Core Queue Patterns #
Point-to-Point (Work Queue) #
Producer → [Queue] → Consumer₁
→ Consumer₂ (competing consumers)
→ Consumer₃Each message processed by exactly one consumer. Good for task distribution.
Pub/Sub (Fan-out) #
Producer → [Topic] → Subscriber₁ (gets ALL messages)
→ Subscriber₂ (gets ALL messages)
→ Subscriber₃ (gets ALL messages)Each message delivered to every subscriber. Good for event notification.
Delivery Guarantees #
| Guarantee | Mechanism | Trade-off |
|---|---|---|
| At-most-once | Fire and forget | Fast, but messages can be lost |
| At-least-once | Ack-based with retry | No loss, but duplicates possible |
| Exactly-once | Idempotent consumers + dedup | Strongest, most complex/expensive |
In practice, most systems use at-least-once with idempotent consumers. True exactly-once is expensive and often unnecessary if consumers are idempotent. See also: Idempotency.
Additional Patterns #
- Dead Letter Queue (DLQ): Messages that fail processing N times are moved to a DLQ for manual inspection. Prevents poison messages from blocking the queue.
- Priority Queue: Messages processed by priority rather than FIFO. Useful for tiered SLAs.

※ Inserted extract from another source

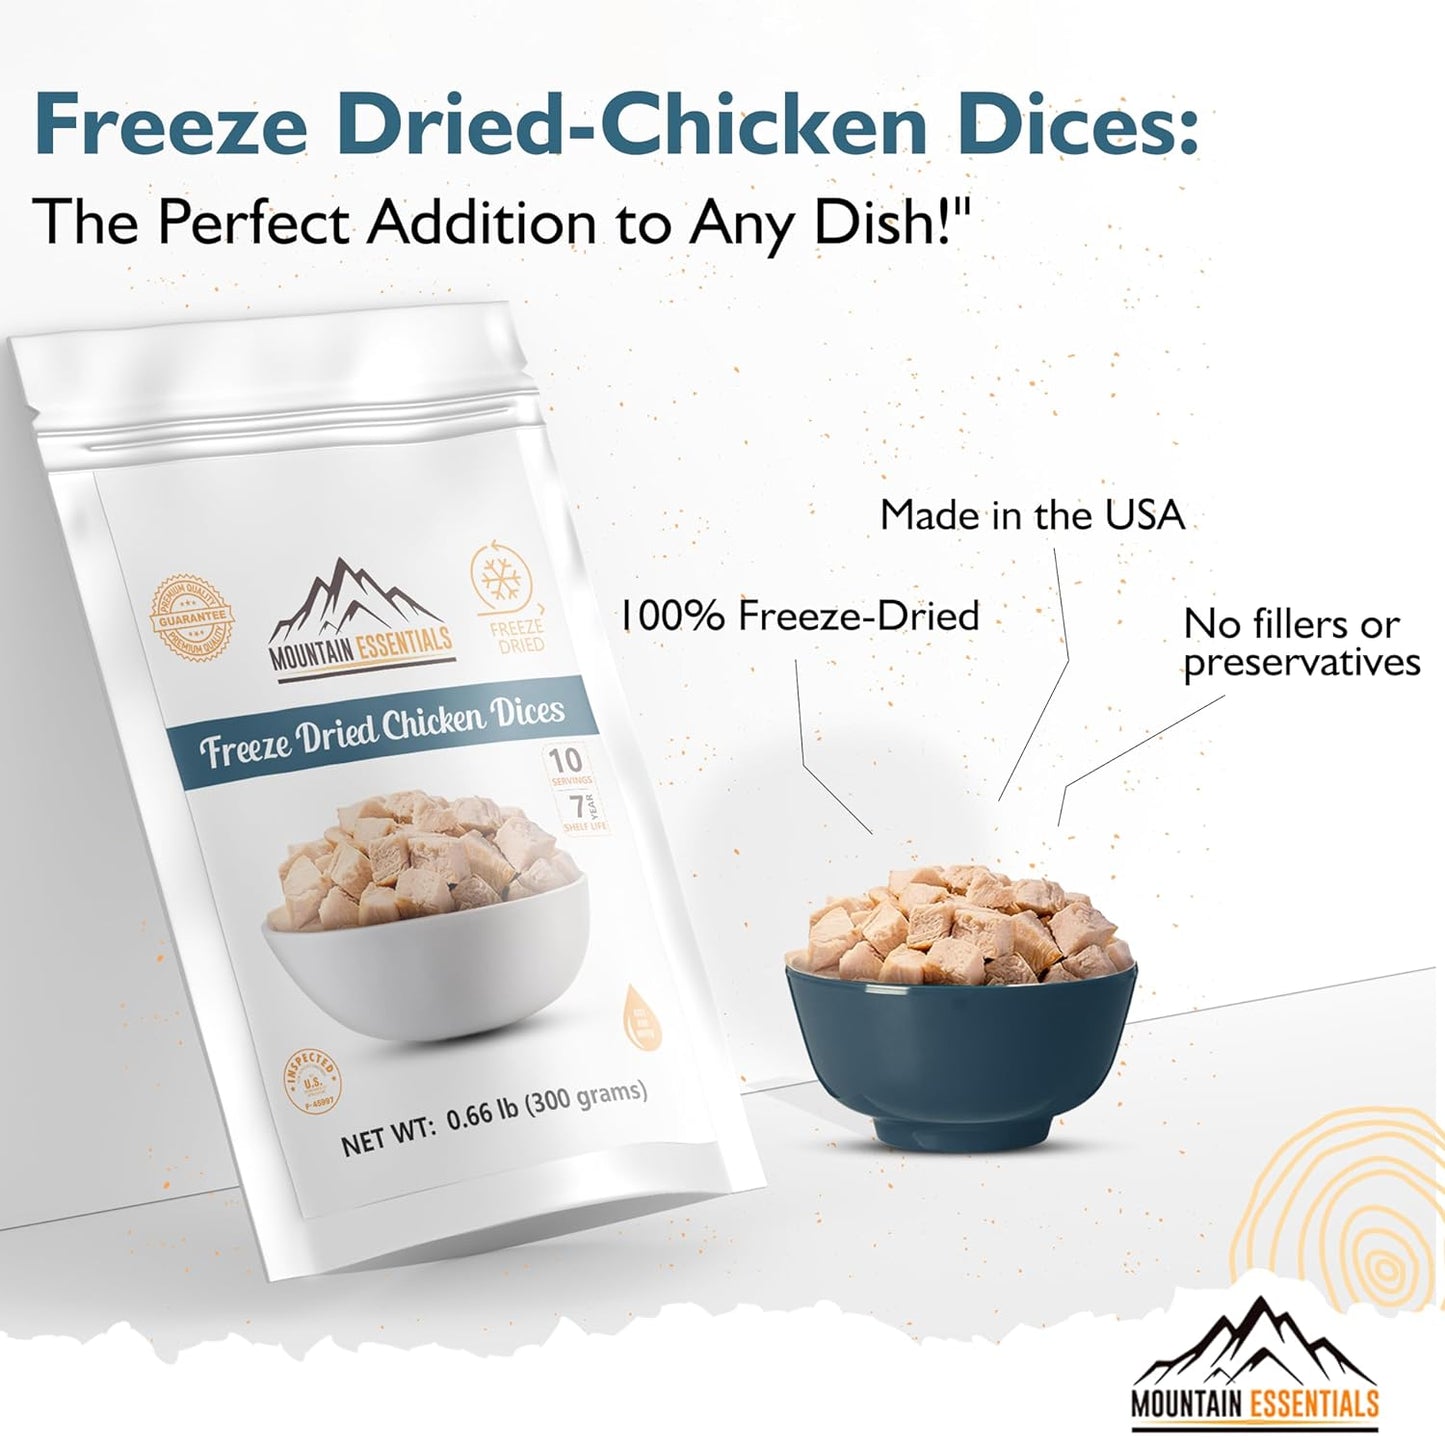 Mountain Essentials Freeze Dried Chicken Dices Resealable Pouch - 300 grams
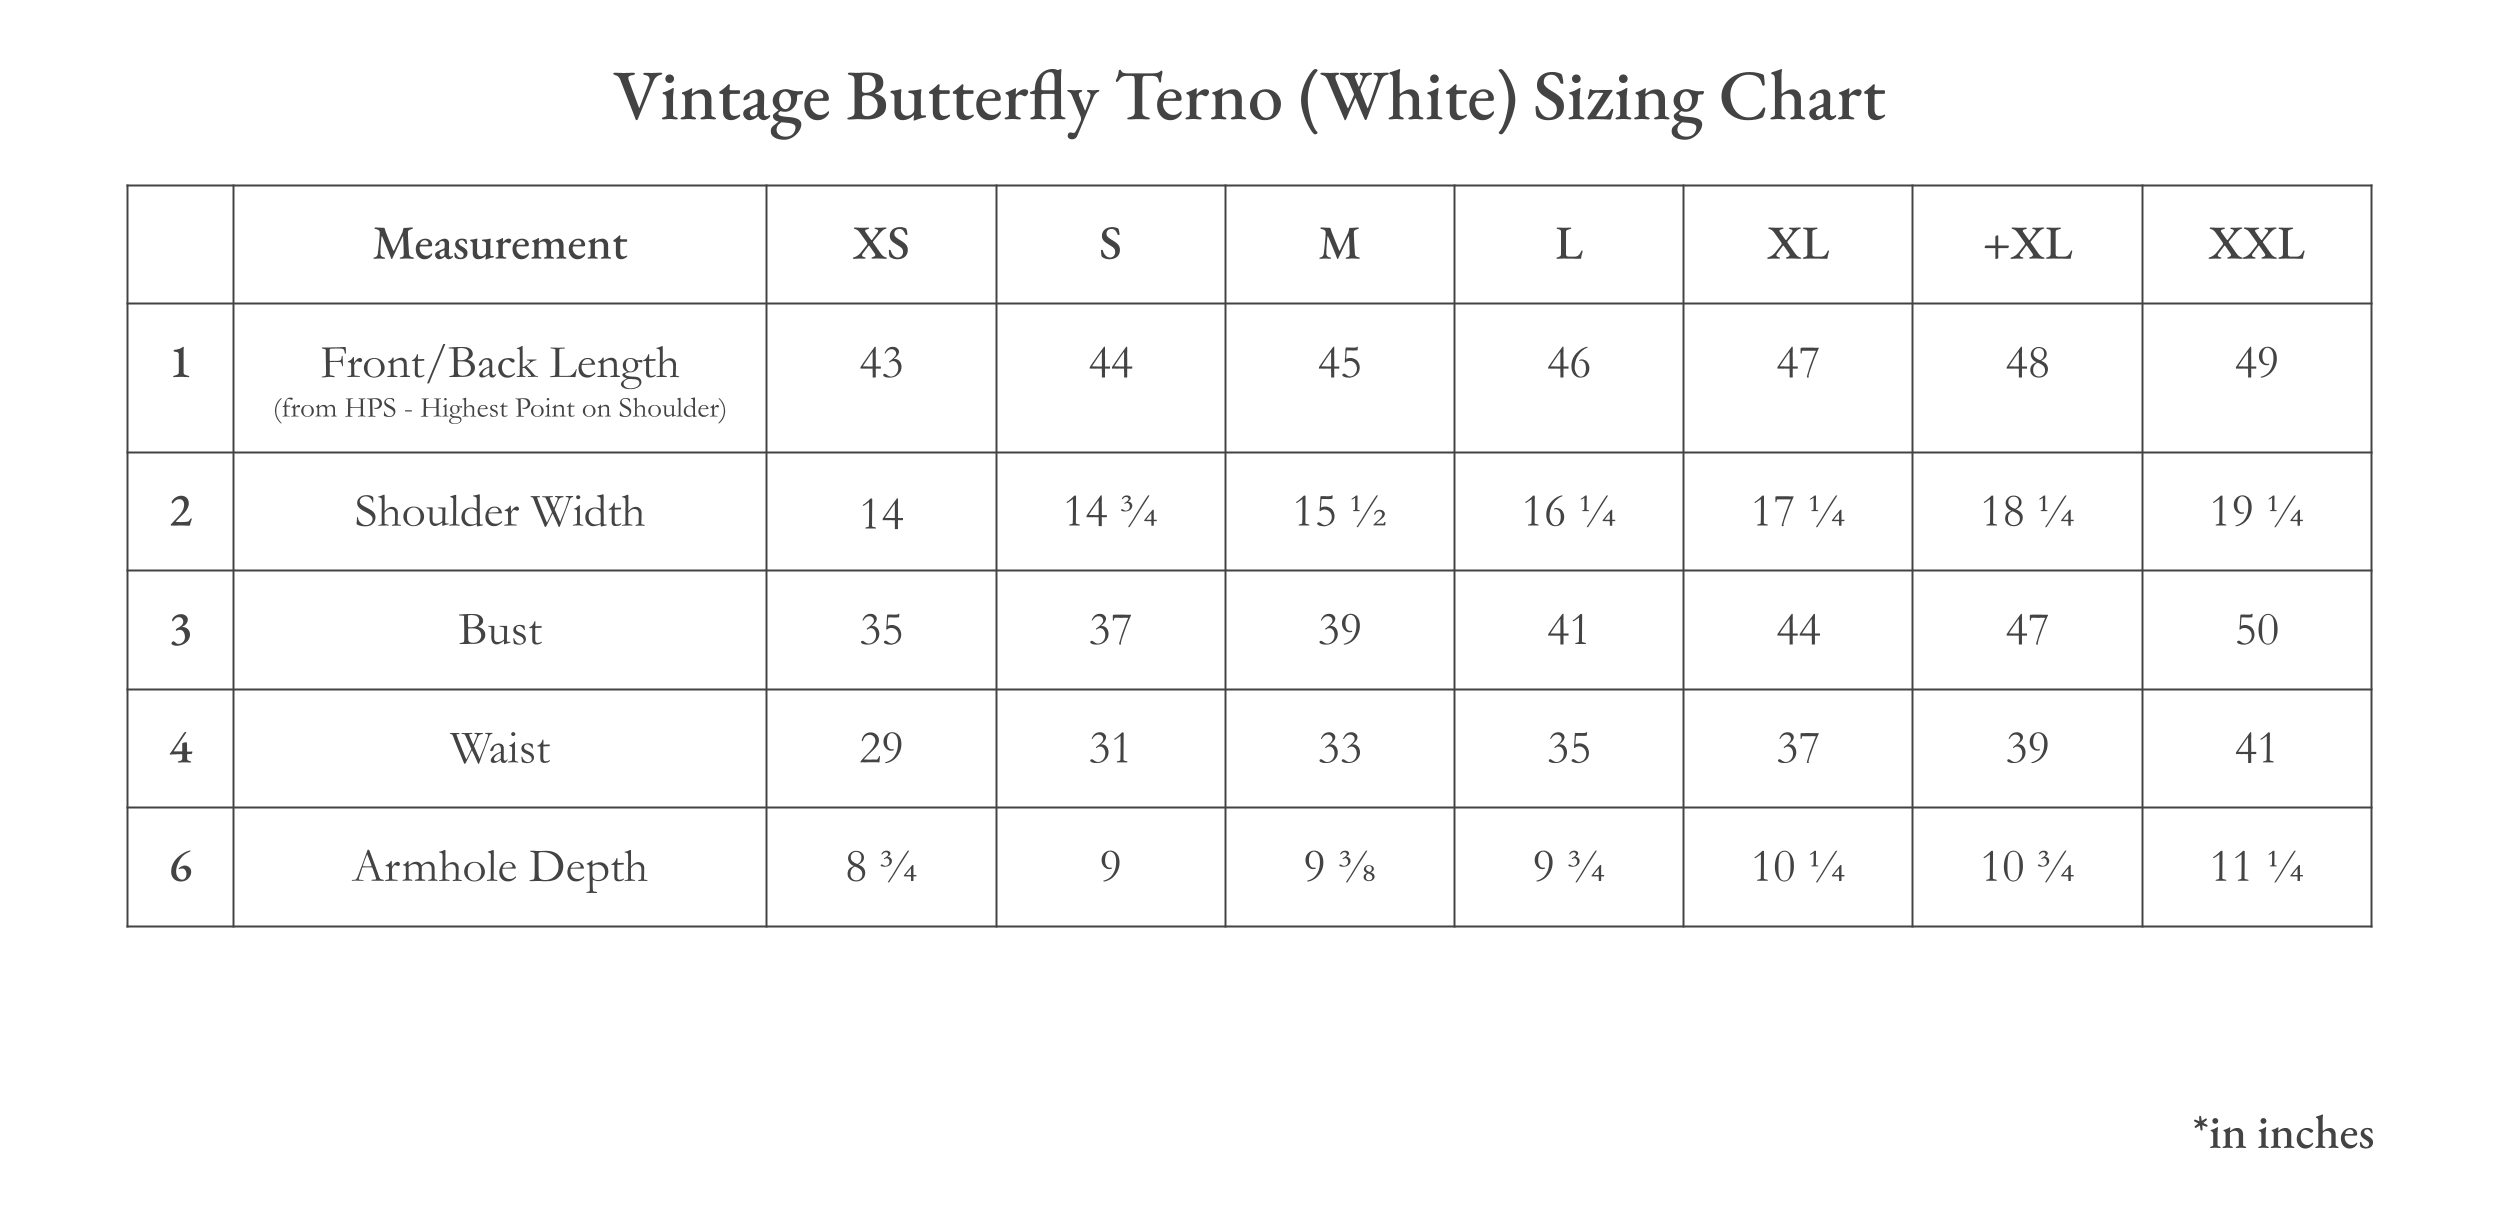 Vinta Vintage Butterfly Terno (White) Size Chart

- Delay Queue: Messages become visible only after a configurable delay. Useful for scheduled tasks.
- Ordering: FIFO within a partition key (e.g. Kafka guarantees ordering within a partition). Global ordering is expensive and usually unnecessary.
Instinct #
Kafka for event streaming (high-throughput, ordered, replayable). SQS/RabbitMQ for task queues (simpler, fire-and-forget work distribution). Don’t use Kafka as a task queue; don’t use SQS as an event log. The tool choice follows the pattern.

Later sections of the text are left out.